US Arms Industry Keeps on Rollin'
WITH the demise of the Soviet Union and its evil empire, the foundation that supported the United States defense structure has crumbled. Not surprisingly, the media have recently been filled with stories of the demise of the military-industrial complex in this nation. Secretary of Defense Dick Cheney has been warning that defense spending will soon be lower in relative terms than it was before Pearl Harbor, and that additional cuts in defense will exacerbate the current recession.
One would expect that in this climate the stocks of defense companies would be tumbling like that of the major banks or the big three automobile makers. Not so. In fact, the stocks of such broad-based defense giants as General Dynamics, McDonnell Douglas, Lockheed, and Raytheon are doing very well. All four of these companies closed 1991 at or near their 52-week highs, and substantially above where they were a year ago, or even at the height of the cold war. For example, Raytheon stock is now trading at about $80 a share, 60 percent above its 1985 level and 18 percent above its 1990 close. The stock of General Dynamics more than doubled in 1991, while that of McDonnell Douglas grew "only" 88 percent.
There are two reasons for this apparent incongruity. First, like Mark Twain's death, the real decline in defense spending has been greatly exaggerated. Second, foreign military sales have more than made up for the decline in armaments sales to the American military.
DEFENSE spending for fiscal year 1992 will be $295 billion. In inflation adjusted dollars, this is higher than in any year between the end of the war in Vietnam and 1985. Moreover, by the middle of this decade, defense spending is projected to drop to "only" $255 billion. This is still higher than it was in 1982, when Ronald Reagan and Leonid Brezhnev were in power, and when the Soviet Union controlled Eastern Europe and Afghanistan and had considerable influence in such places as North Korea, Vietnam, S yria, Iraq, Angola, South Yemen, Cuba, and Nicaragua.
True, as a percentage of GNP, defense spending by the middle of this decade will be lower than at any time since Pearl Harbor, but in 1940 the US was spending less than $20 million a year on defense, not over $250 billion.
In 1989, American firms sold $12 billion a year worth of defense goods around the world. The following year, foreign military sales jumped to $18 billion. For 1991, they will come close to $40 billion.

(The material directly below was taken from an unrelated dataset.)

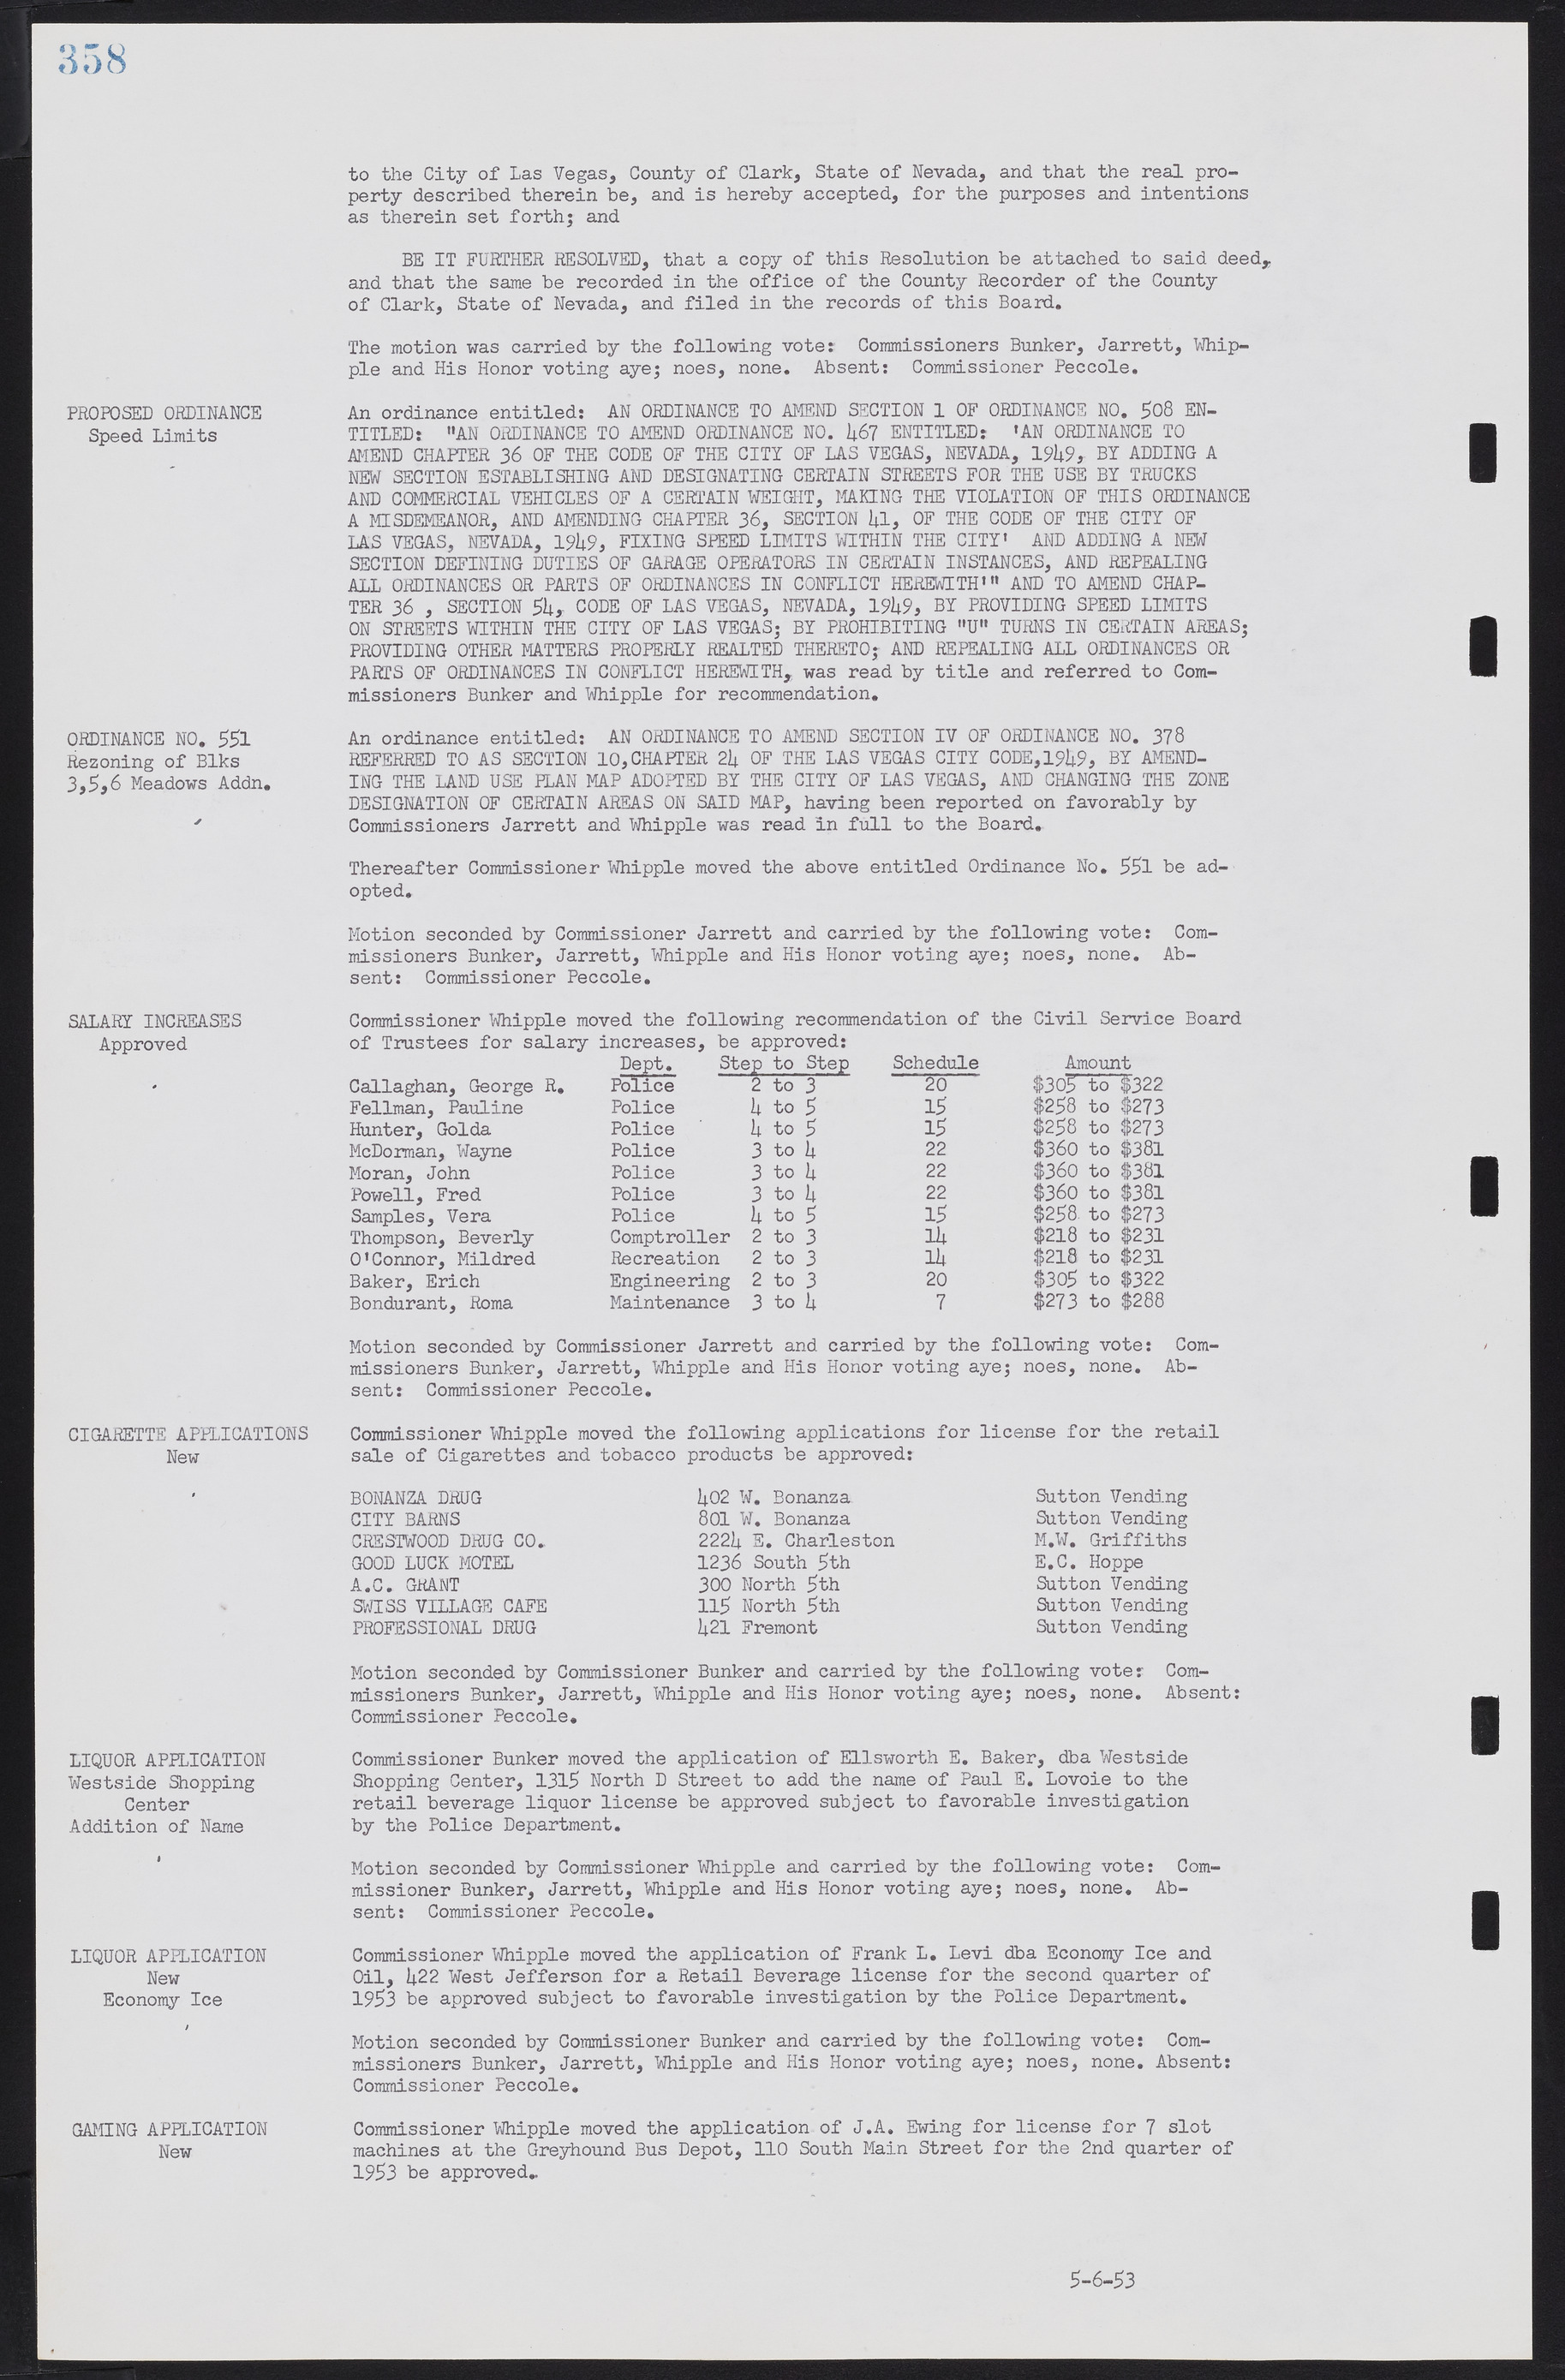 Las Vegas City Commission Minutes, May 26, 1952 to February 17, 1954, lvc000008-386
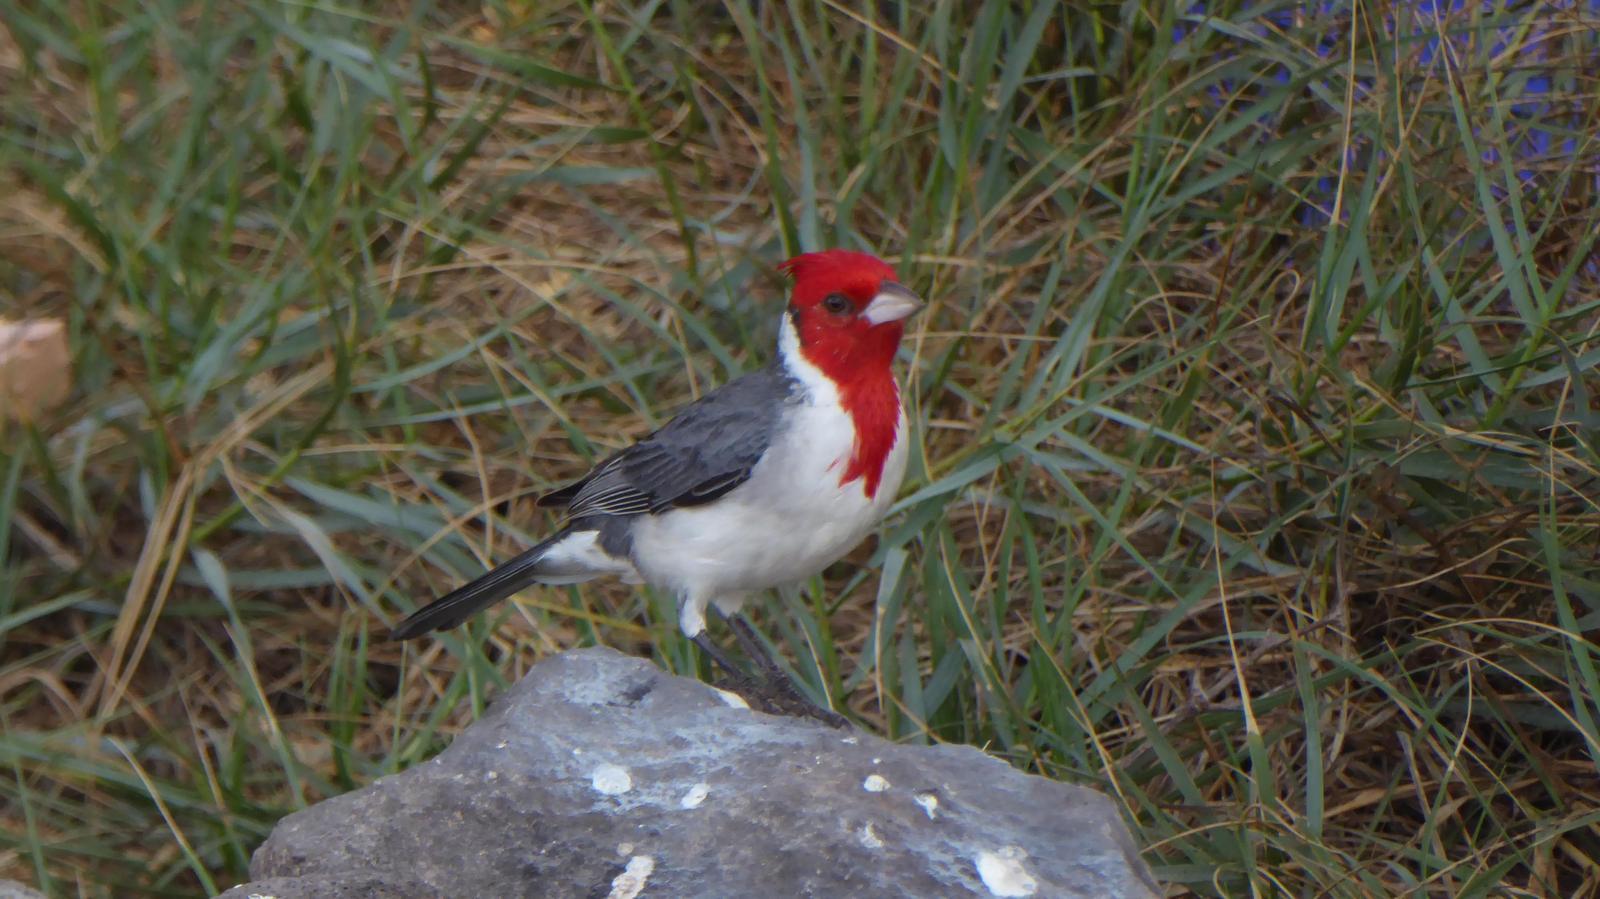 Red-crested Cardinal Photo by Daliel Leite

In 1989, the Department of Defense purchased about $90 billion worth of material for itself from defense companies. Over the past two years, purchases by the American military dropped by about $5 billion a year. This is far less than the growth in arms sales abroad. If one combines American and foreign sales by US defense companies for 1991, they are actively higher than 1989, even after adjusting for inflation.
In 1986, the US Army bought $20 billion worth of equipment, $18 billion for itself and $2 billion for foreign governments. In 1992, the Army plans to buy $23 billion in arms, $8 billion for itself and $15 billion for foreigners. Sophisticated American weapons like the F-15, F-16, F/A-18, the M-1 tank, and the Patriot missile are being dispersed to the Middle East, Turkey, and South Korea in record numbers.
About 30 years ago, President Dwight D. Eisenhower warned us about the dangers of the military-industrial complex. Today we might ponder the warning again. That complex continues to keep defense spending near cold-war levels, even after we won the cold war, and spreads increasingly sophisticated American weapons around the world in the name of contributing to stability. This was the same logic that allowed Saddam Hussein to buy $50 billion worth of Western technology in the 1980s and continues to keep de fense stocks high and defense profits up.